Do you support work requirements as a condition to access public benefit programs, even though they would block otherwise eligible people from getting healthcare or food assistance?
Requiring those who receive public benefits to work, represents a misunderstanding on the part of those who would impose such a regulation. After 22 years managing a low-income energy efficiency and energy affordability program throughout New Jersey, I have seen firsthand the nature of the low-income community. They are hardworking families, disabled citizens or elderly people. They are not avoiding work. This proposal is insulting and wrongheaded.

As noted above, I believe we have normalized our spending priorities which now favor the very wealthiest of our citizens while leaving the rest to (mostly) fend for themselves. What we require is the political will to change that.

Do you support the 2017 Tax Cuts and Jobs Act?
I would NOT have supported this Act. It represents an un-disguised gift to America’s corporations and those who own them, along with the wealthiest of America’s families. I will work to develop a plan for clarifying the government’s spending and taxing process in order to generate the political will to re-form our priorities in favor of the public good.

Dale Kerns (Libertarian candidate for U.S. Senate)

Do you support reducing funds for SNAP, a program that helps feed over 40 million people in the United States?

Assisting individuals in need of a helping hand is one of the most important tasks which any society can undertake. As a U.S. Senator, I do not think that I nor anyone else in the Congress or federal government should be able to dictate or allocate how funds are spent on improving access to food and nutrition to the poorest among us. For that reason, I advocate returning SNAP funds to the states in the form of block grants so that those closer to the problems in their local communities can allow for more particularized solutions. What works in some areas does not work in others, and I far more trust local communities to know what’s best over the cold hands of a federal bureaucrat.

Do you support work requirements as a condition to access public benefit programs, even though they would block otherwise eligible people from getting healthcare or food assistance?

Much like with SNAP benefits, the federal government should not be imposing onerous requirements on how benefits are obtained. As was famously stated by Justice Oliver Wendell Holmes, using the “marketplace of ideas” is sometimes the best way to determine the validity of ideas. In the US, we have 50 laboratories for democracy (and even more if we look at cities and communities), and allowing these areas to present their models of how to help people is far more effective than any federal government mandate.

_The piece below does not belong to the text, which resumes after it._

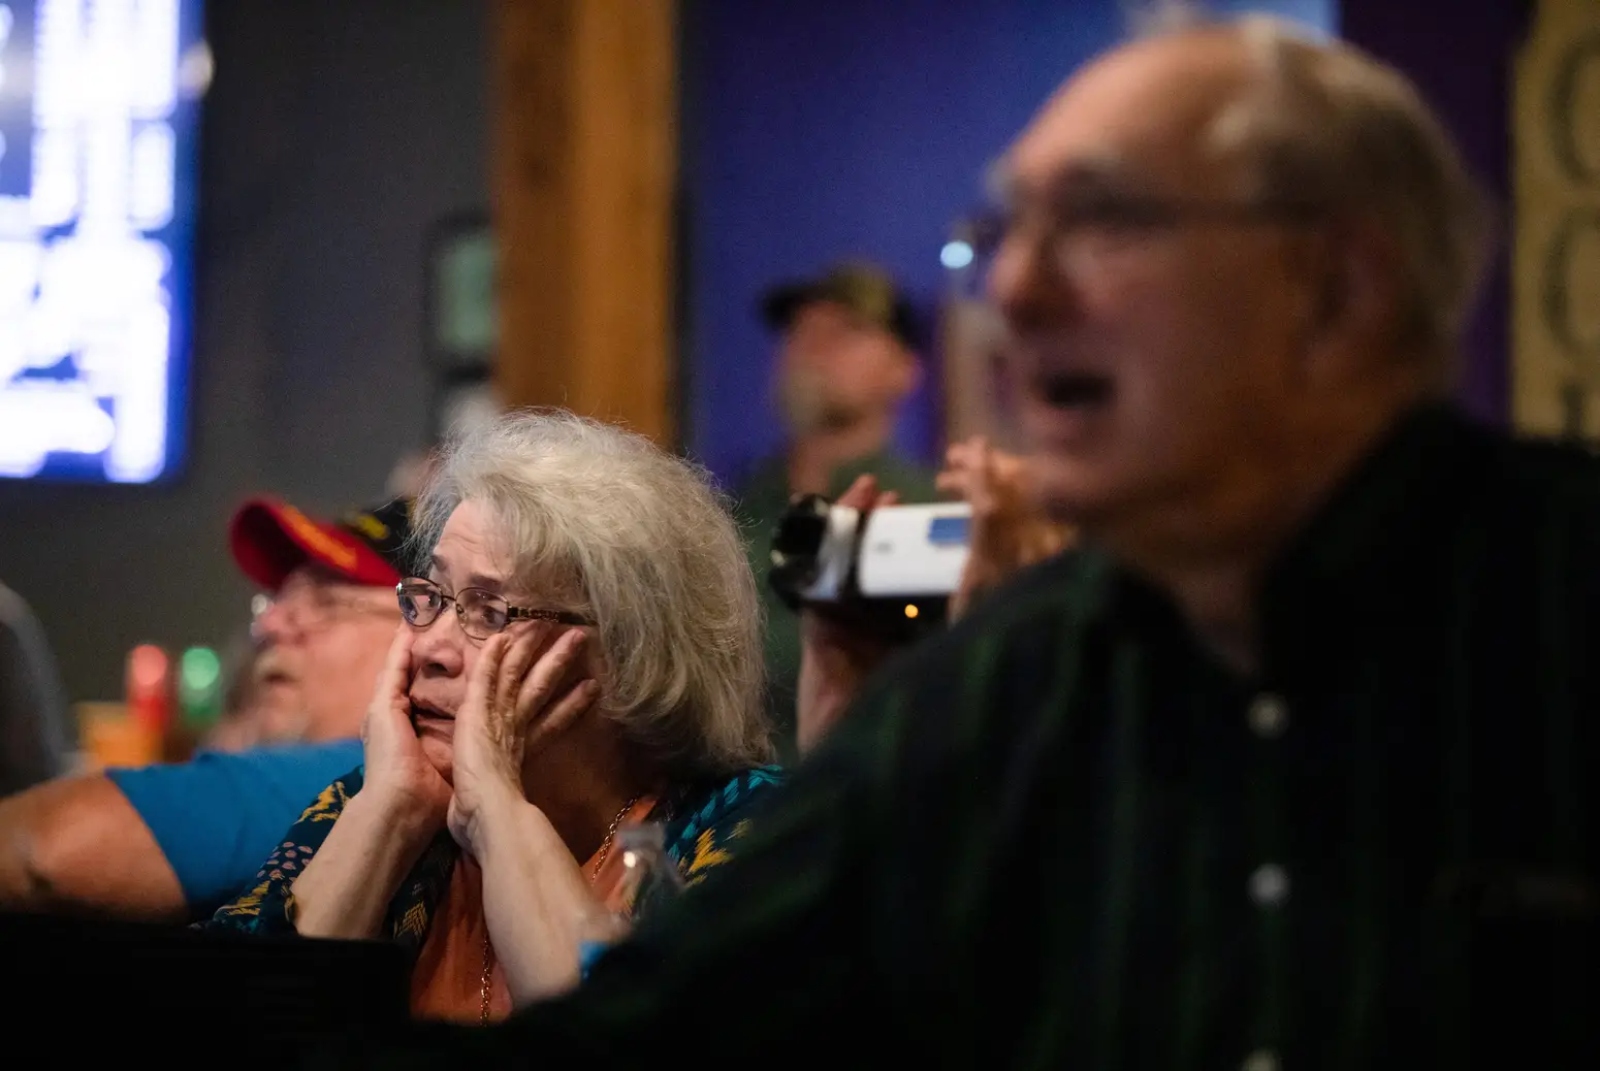 An older woman in glasses grips the sides of her face as a man next to her yells.

Do you support the 2017 Tax Cuts and Jobs Act?
I support the 2017 Tax Cuts and Jobs Act, because I want Americans to keep as much of their paychecks as possible, and I want the United States to be competitive on the global market in fielding businesses. That notwithstanding, I am perturbed that this tax cut bill was not paired with significant spending cuts. While I support a fundamental transformation of the American tax system, cuts in taxes are meaningless without significant reductions in spending.
While Democrats covet domestic programs, Republicans appear unwilling to make any cuts to military spending. I would offer to compromise by not taking any programs off the table when it comes to cutting spending. We must keep prior obligations like Social Security, but spending is completely out of control. This can begin by using baseline budgeting: that is, instead of assuming an annual increase in funding for any given program, we should begin at an assumption that spending will not increase, and then cut from there. In every program our government manages, there is waste and graft which can be eliminated, so I have faith that mass reductions can easily be made without affecting essential government services.